YOUR INSTRUCTIONS:
Below is a listing; retype exactly the lines between the one containing "Kuro no Kenshi Ryoujoku 21" and the one containing "ダークな洋画の戦闘シーン風テクノの未再生の波形", inclusive, minus the pictures.

MATERIAL PROVIDED:
++++++++++++++++++++
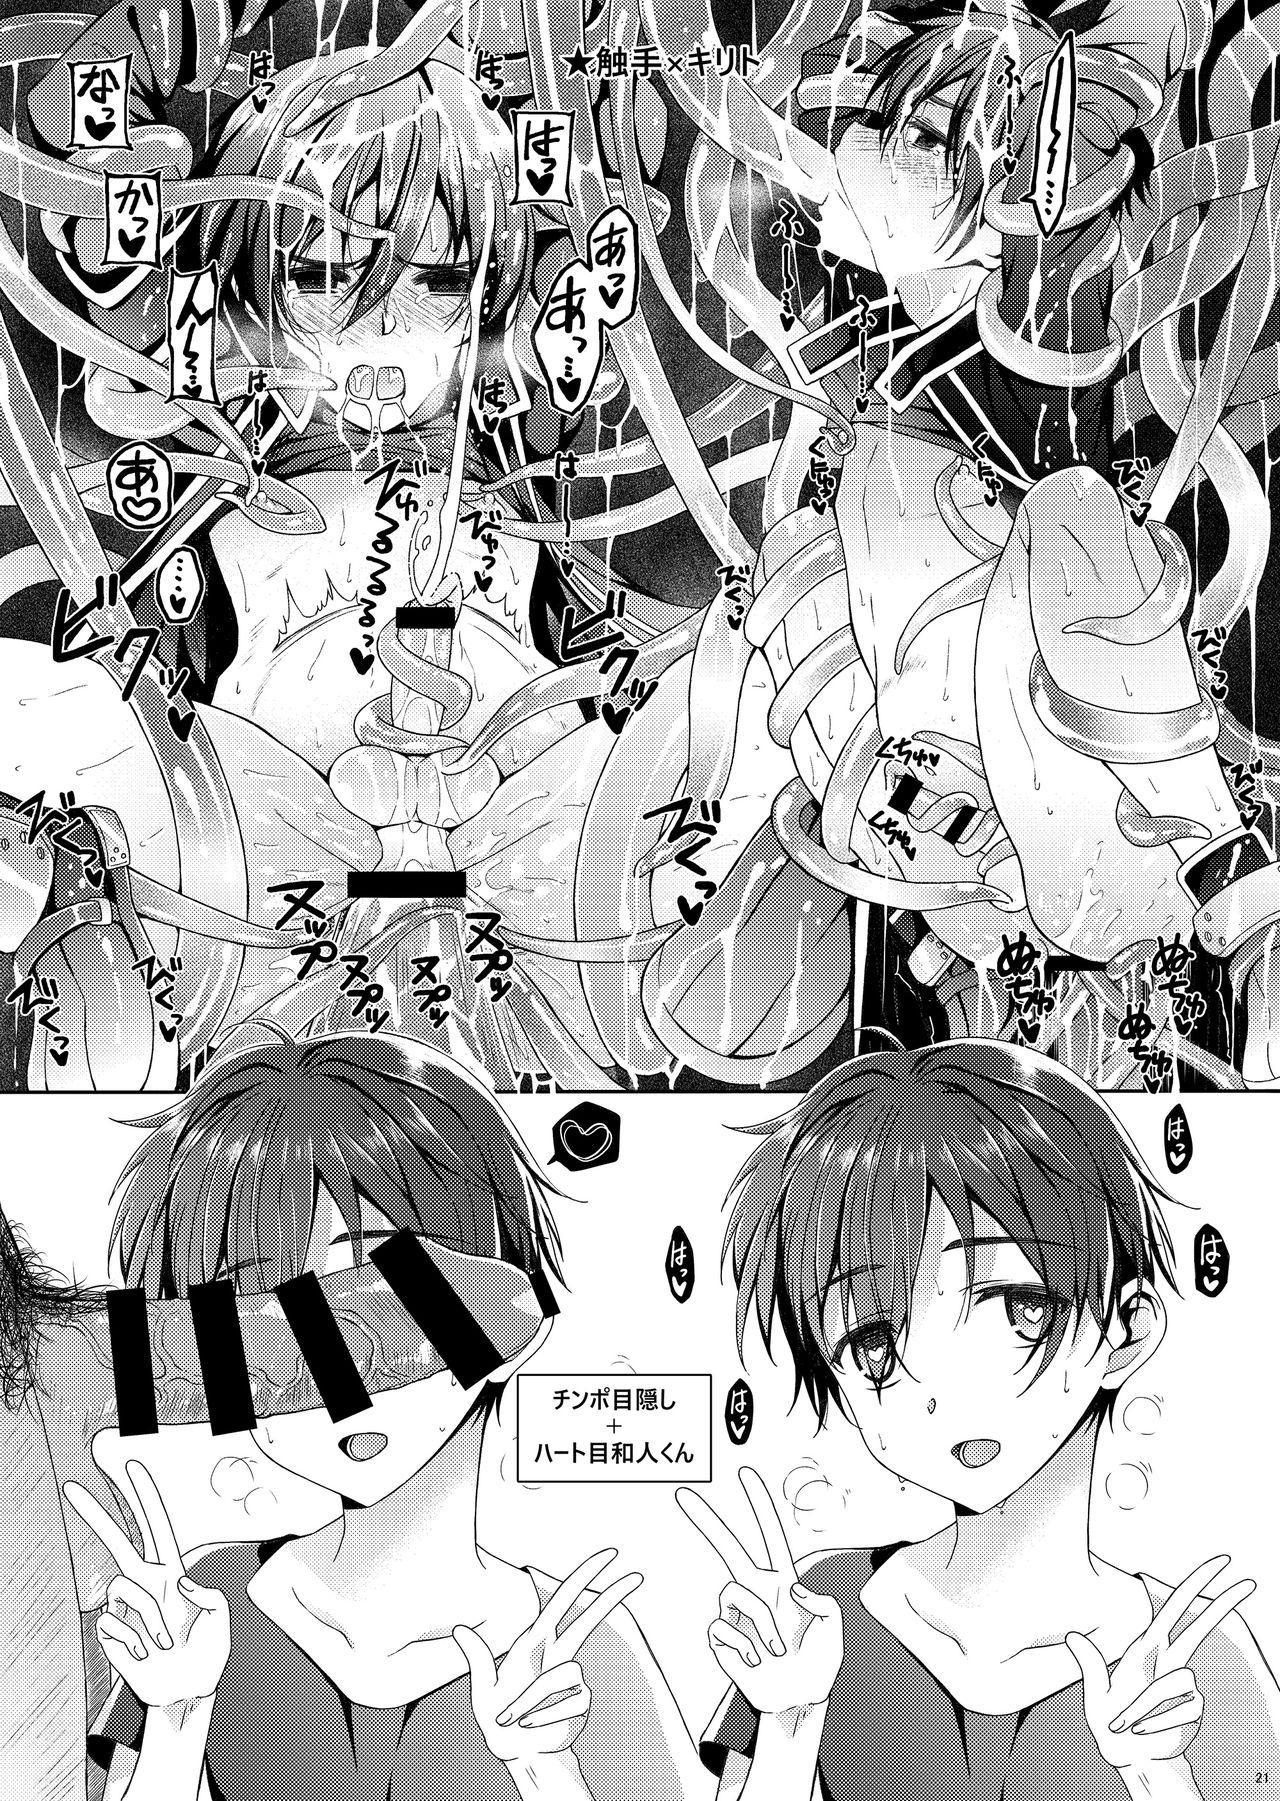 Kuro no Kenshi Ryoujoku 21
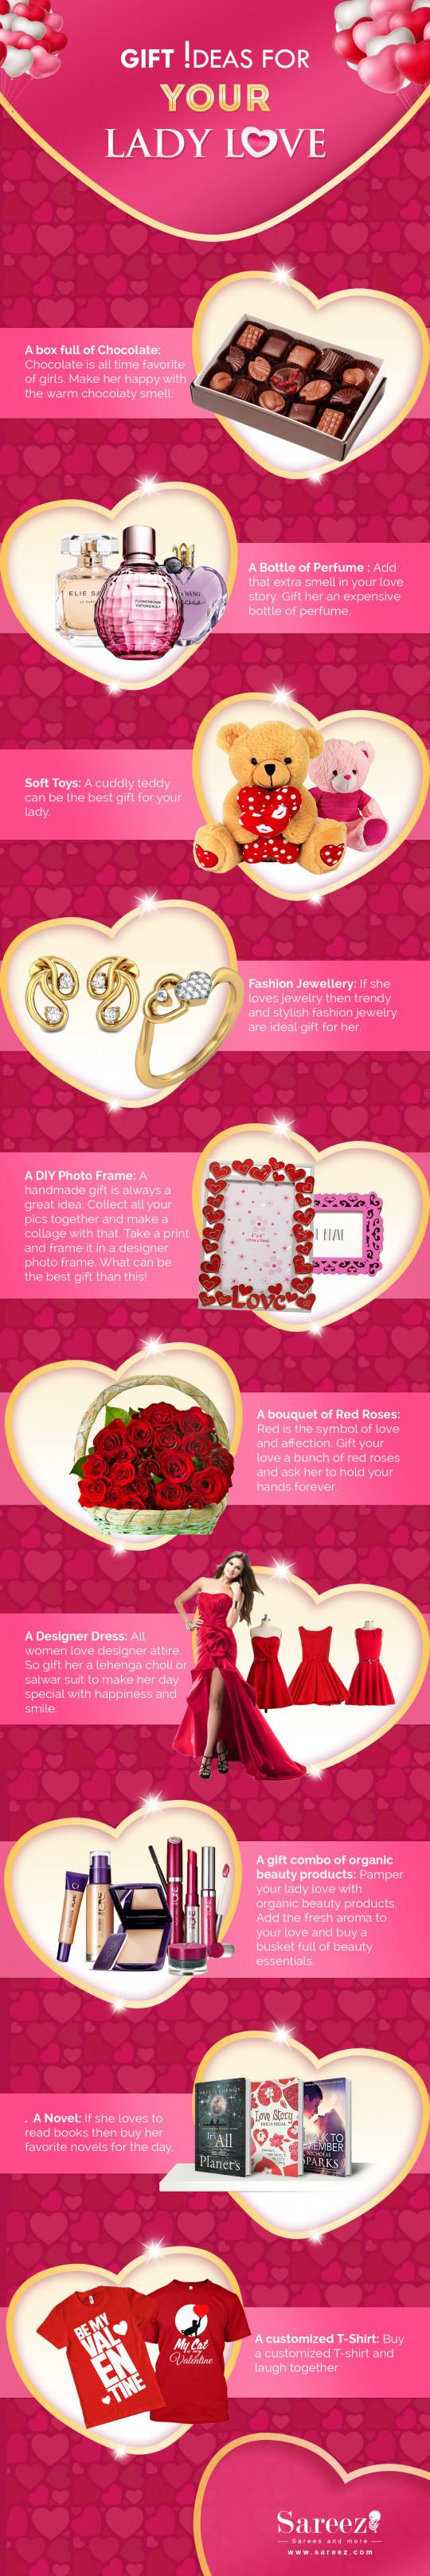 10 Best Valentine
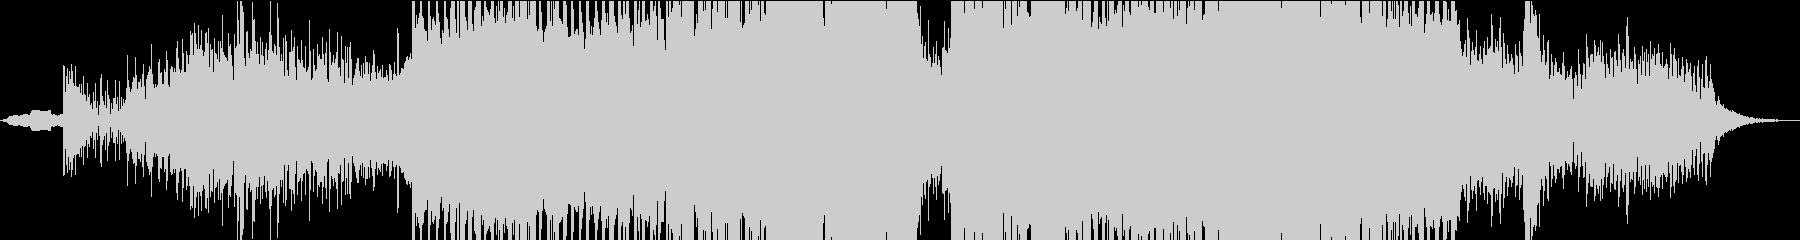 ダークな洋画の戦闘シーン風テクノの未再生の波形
++++++++++++++++++++
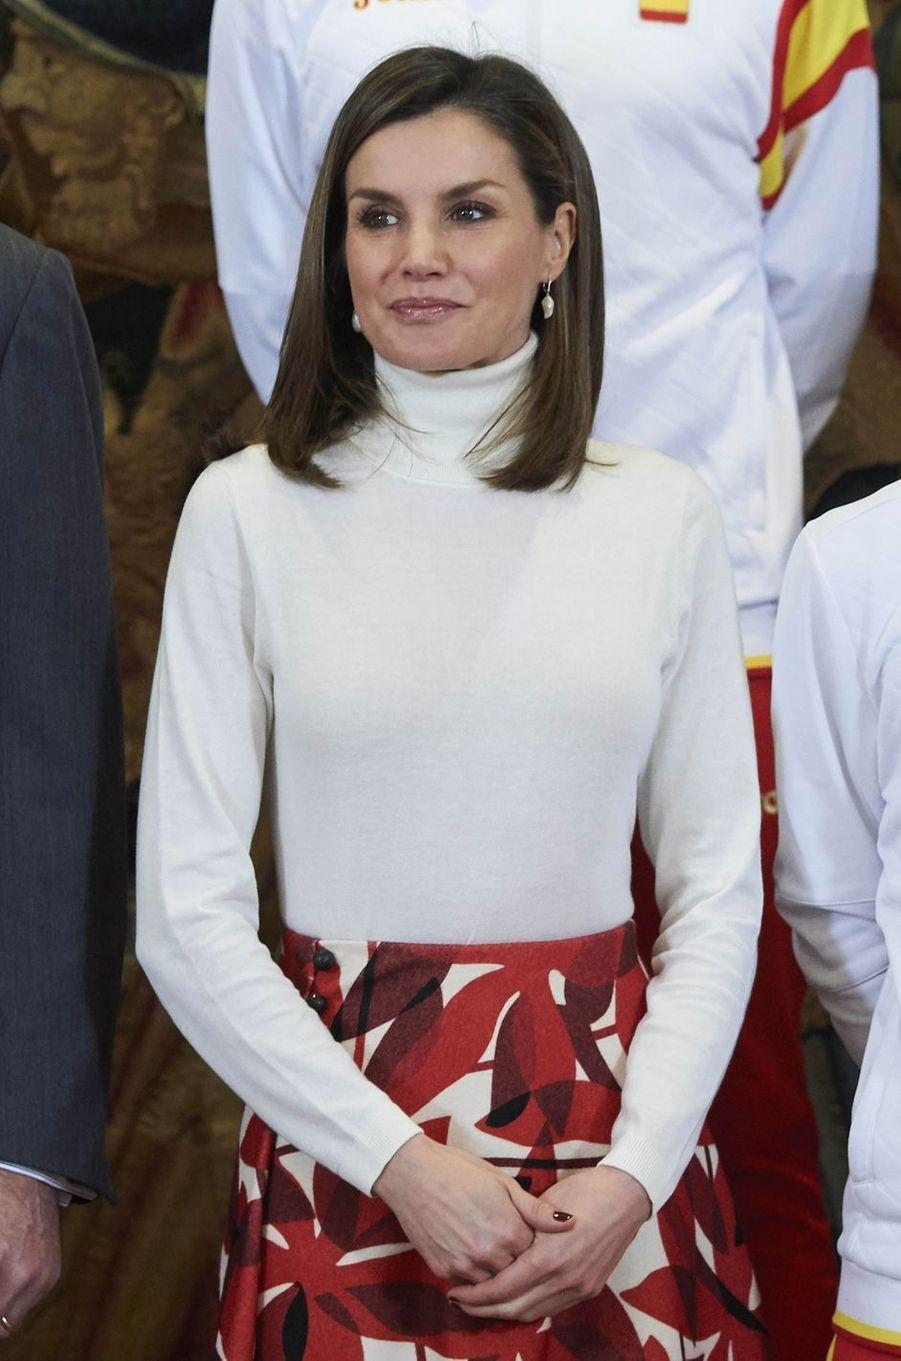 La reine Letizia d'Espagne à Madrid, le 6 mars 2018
++++++++++++++++++++
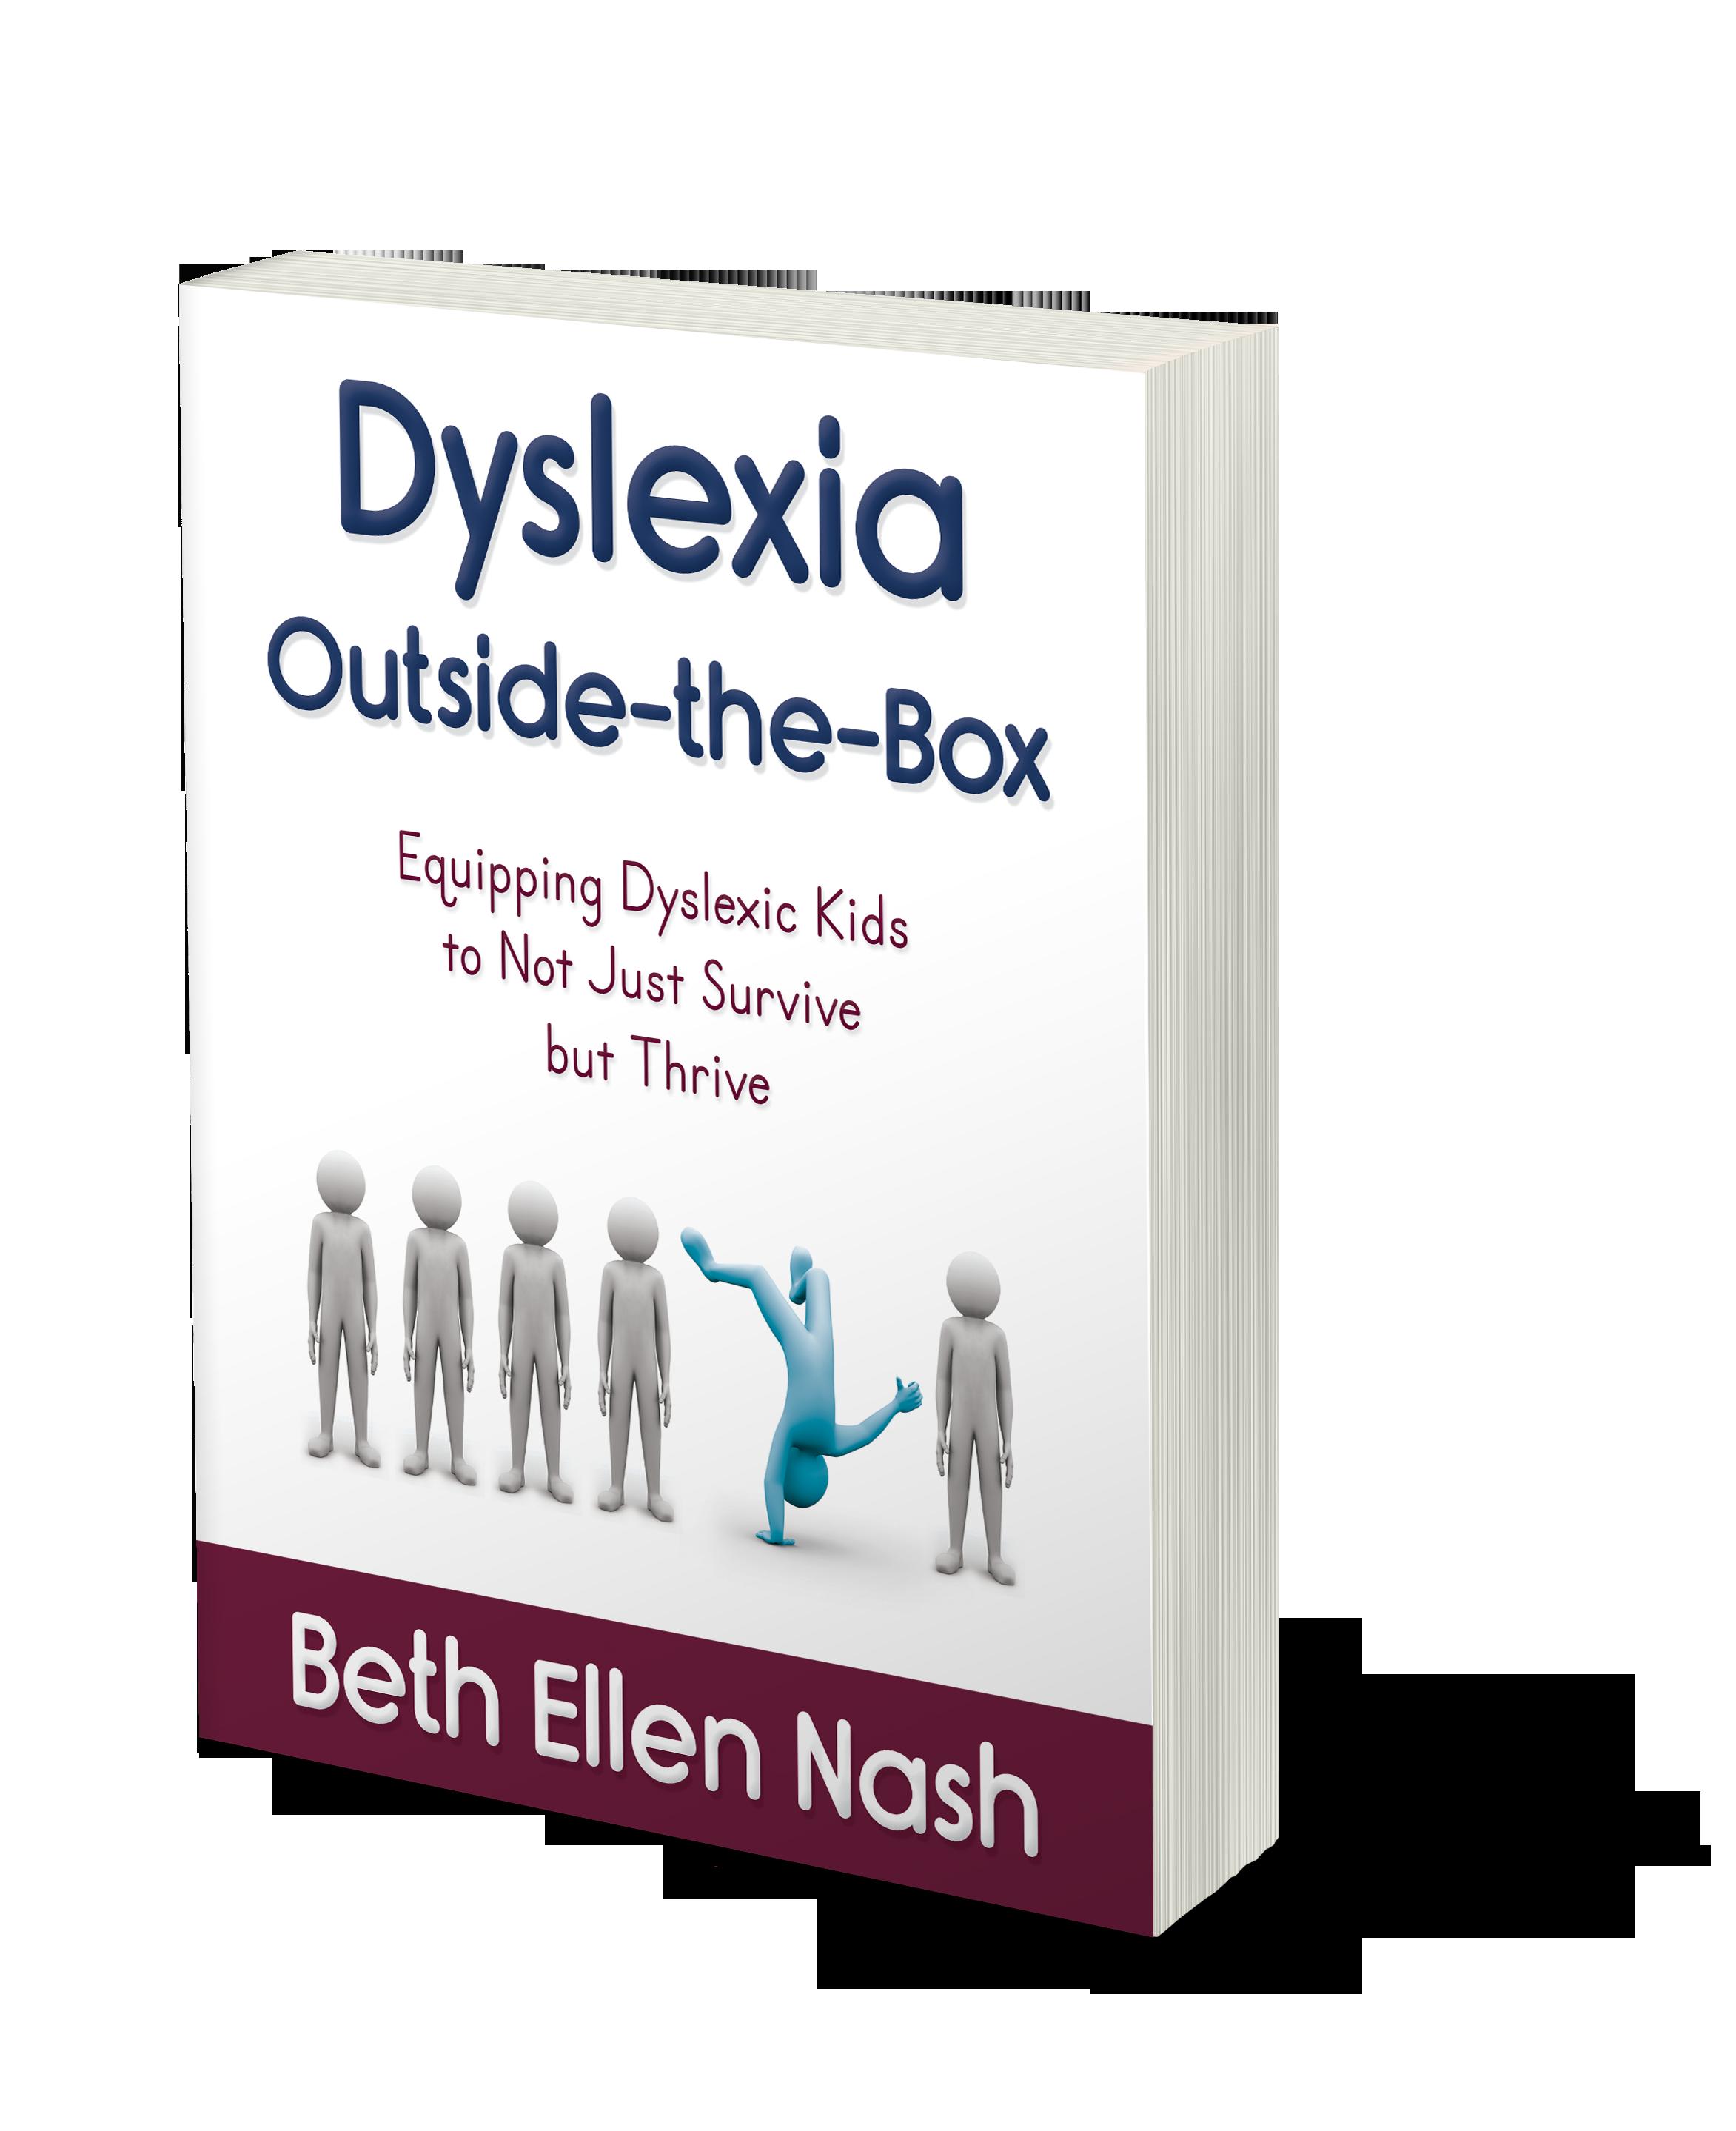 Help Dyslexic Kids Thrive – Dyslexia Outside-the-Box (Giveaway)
++++++++++++++++++++
ANSWER FOR THIS EXERCISE:
 Kuro no Kenshi Ryoujoku 21
 10 Best Valentine
 ダークな洋画の戦闘シーン風テクノの未再生の波形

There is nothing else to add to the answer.